# Watching a SL that isn't done recording yet bug?



## profbobo (Jan 22, 2006)

Hello:

I’m new here but have lurked for a while. 

The R15 isn’t that bad (I miss TiVo) and I can live with most of its quirks. But there are two things that are driving my wife and I batty. 

We have a Series Link for 24 on FOX. We’ll start to watch it about 15 to 30 minutes after it airs so we can FF through the commercials and pretty much catch up with real time live TV by the end of the show.

Since there is no toggle between both tuners, we have to go to MyVOD to watch 24. Not a big deal. I select the show and press play.

The R15 does this every single time without fail.

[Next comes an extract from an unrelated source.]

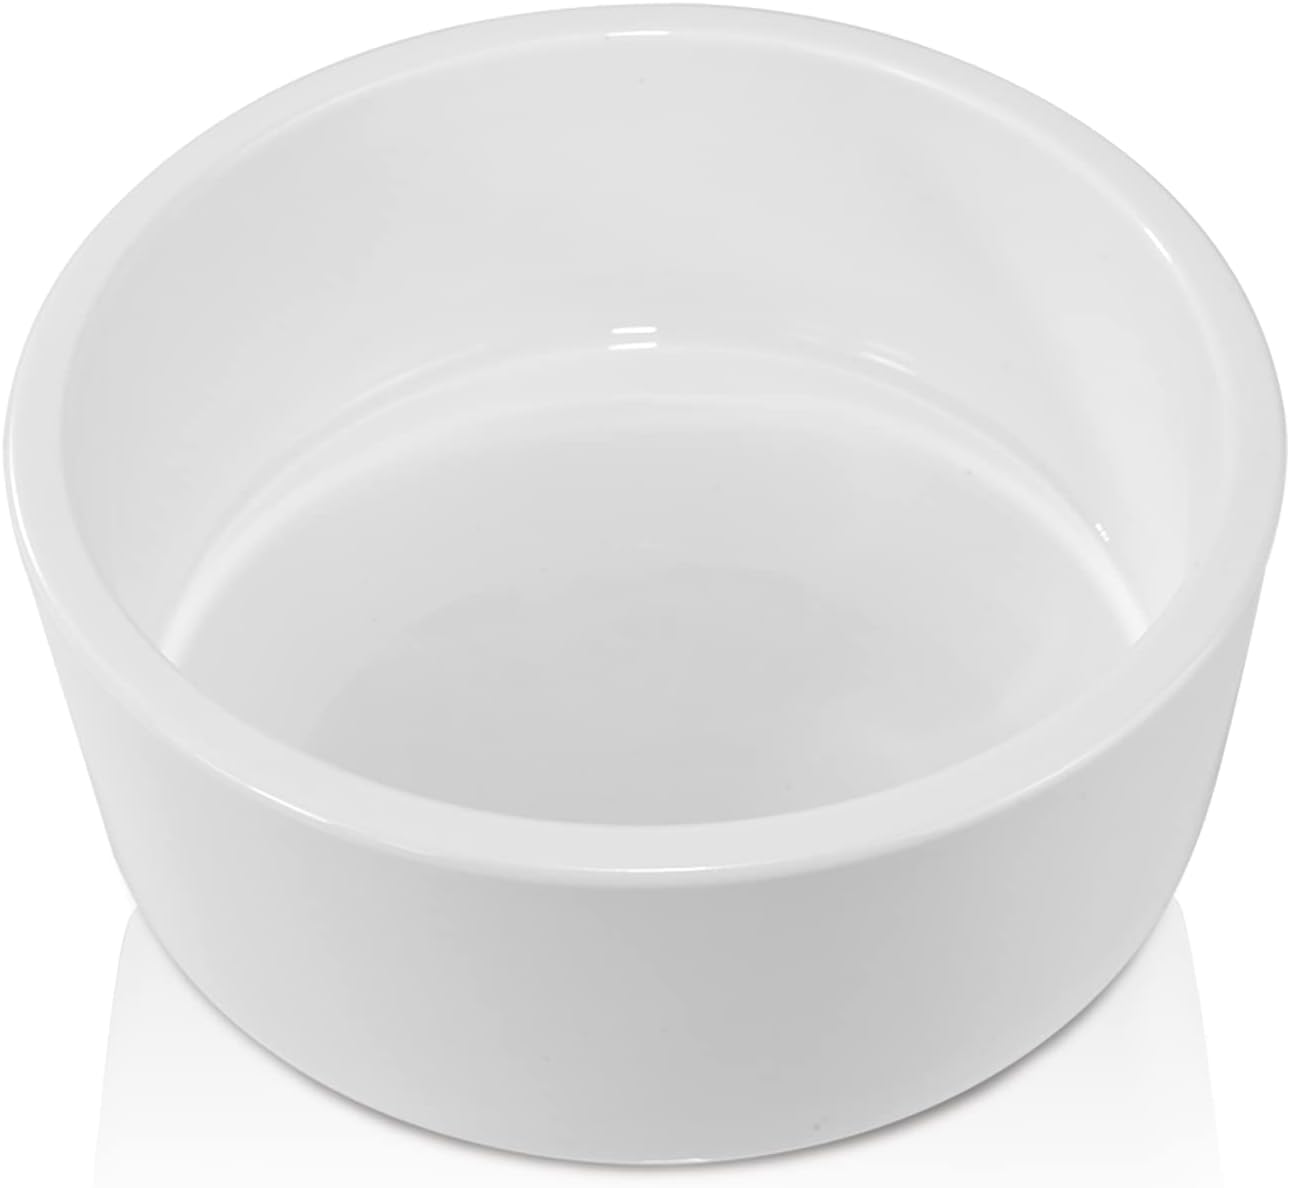 12 PACK- Large Sublimation Pet bowl 7 x 3 inches with AAA Coating -  | Reinforced Styrofoam Packaging"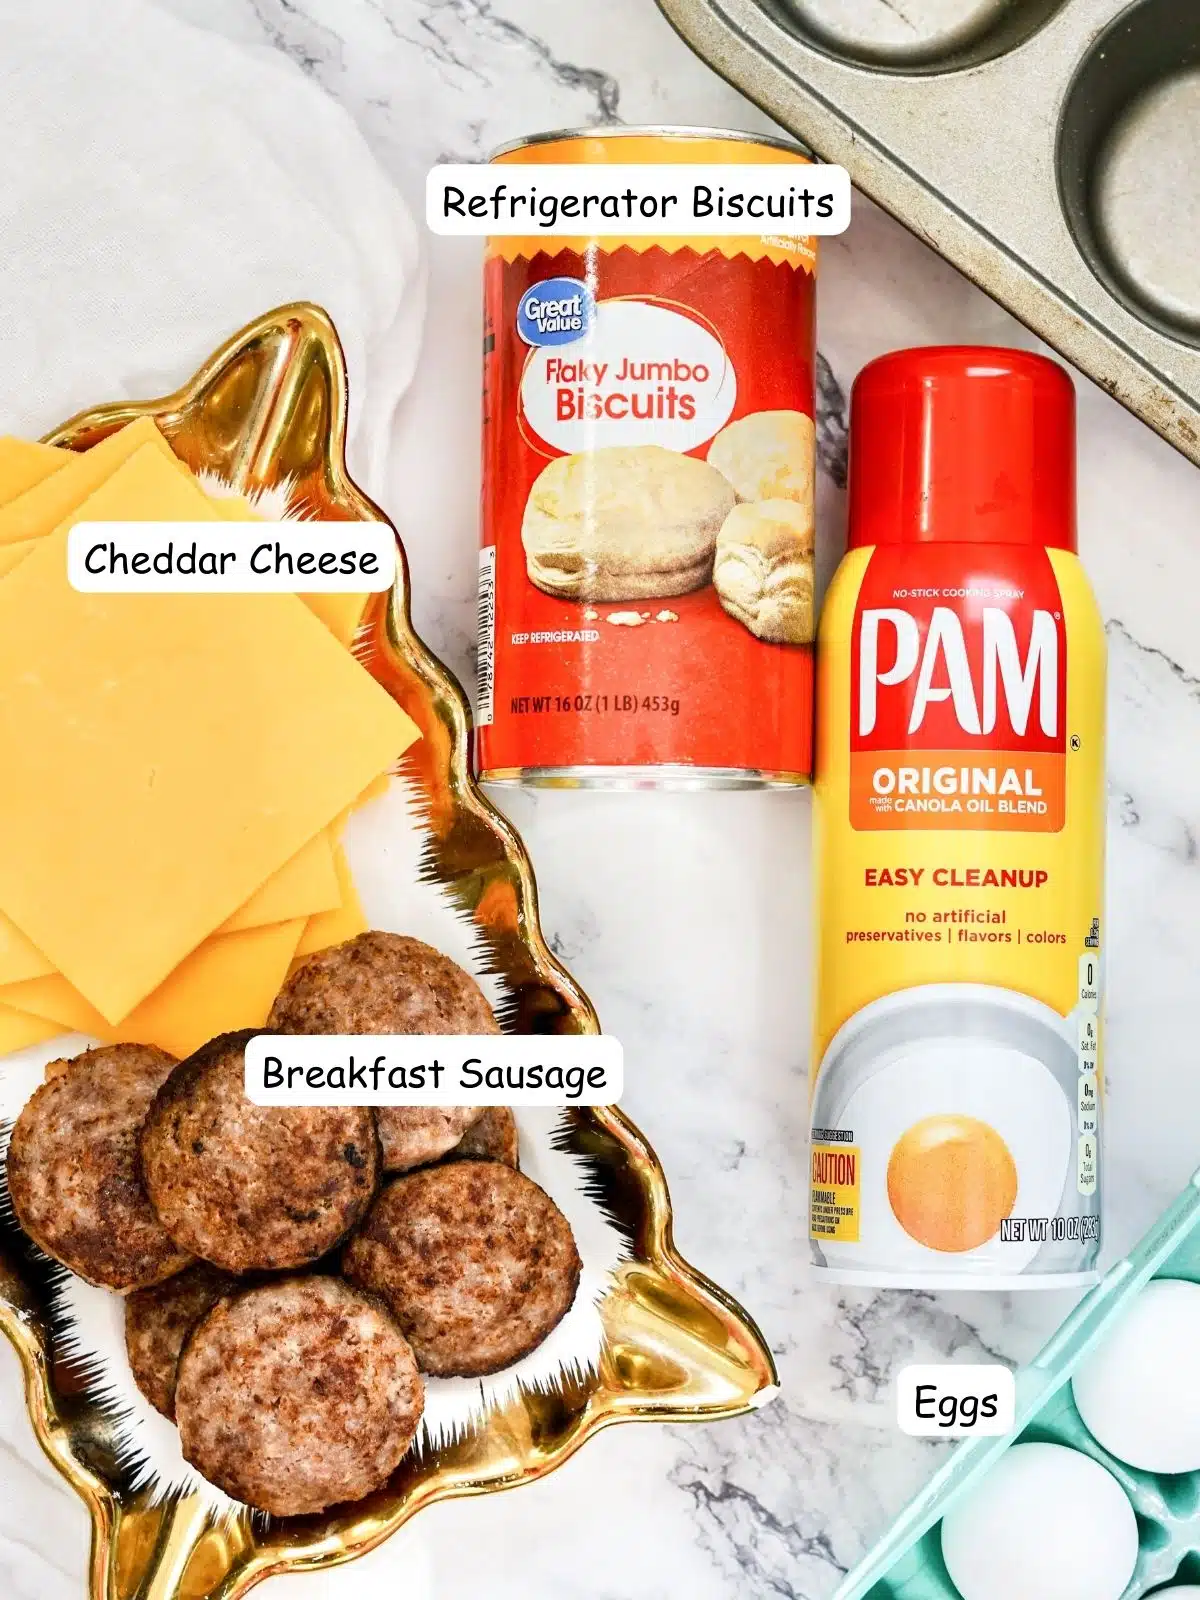 ingredients, refrigerator biscuits, sausage patties, eggs, cheese and Pam cooking spray.

The show is almost over. We are probably about 5 to 10 minutes behind real time live TV when the Series Link stops recording as it should. All of the sudden the screen pauses and we’re asked if we want to delete the show. Select No, It goes back to MyVOD and I’m asked again if I want to delete the show. Select No. I then have to select the 24 I was currently watching in MyVOD and FF to the end where we left off.

It’s annoying to watch something you have a SL for while it is recording. I hope that makes sense.

My other big problem with the R15 is that it’s a giant pile of you know what when it comes to auto recording a Keyword Find By. We subscribe to NHL Center Ice and I want to auto record “Red Wings/Sports/Hockey”. I’ve created a Custom Channel list and removed the RSNs from it. But it still wants to record the games from those channels instead of the NHL CI channels.

I like some of the things (Active/Weather, Menu Speed, TV and audio in the menus) about the R15. But there is a part of me that wished I bought the R10 instead.

Has anyone else experienced these situations or feel the same way about the R15?

Thanks for reading,

Joe


----------



## Mike770 (Mar 1, 2004)

profbobo said:


> Hello:
> 
> I'm new here but have lurked for a while.
> 
> ...


The exact same thing happens to me. It not that big of a deal when you are watching a 1/2 hour show but anything larger than that can become a big pain in the butt trying to fast forward to where you were.

Edit: Spelling.


----------



## gimme5 (Jan 28, 2006)

This is a problem that everyone sees at the moment, I don't think it's just for SLs though. Actually, it happens when you use the jumpback button and the show being recorded has just ended.

Here's what I do: when I see that the show has ended and I need to FF through the commercials, I press pause after the commercials. Then green button (to set a bookmark). Then I hit jumpback, and it asks me if I want to delete (twice). When I start playing again, I go to the bookmark. I know it's inconvenient, but that's what works for me.

Your other option is to rewind instead of using the jumpback button. I used to do that, but I would inevitably hit the jumpback button at some point.

Hopefully this bug will be fixed soon.


----------



## profbobo (Jan 22, 2006)

gimme5 said:


> This is a problem that everyone sees at the moment, I don't think it's just for SLs though. Actually, it happens when you use the jumpback button and the show being recorded has just ended.
> 
> Hopefully this bug will be fixed soon.


Thanks for the tip on bookmarks. I remember seeing that in the manual, but haven't messed with it yet.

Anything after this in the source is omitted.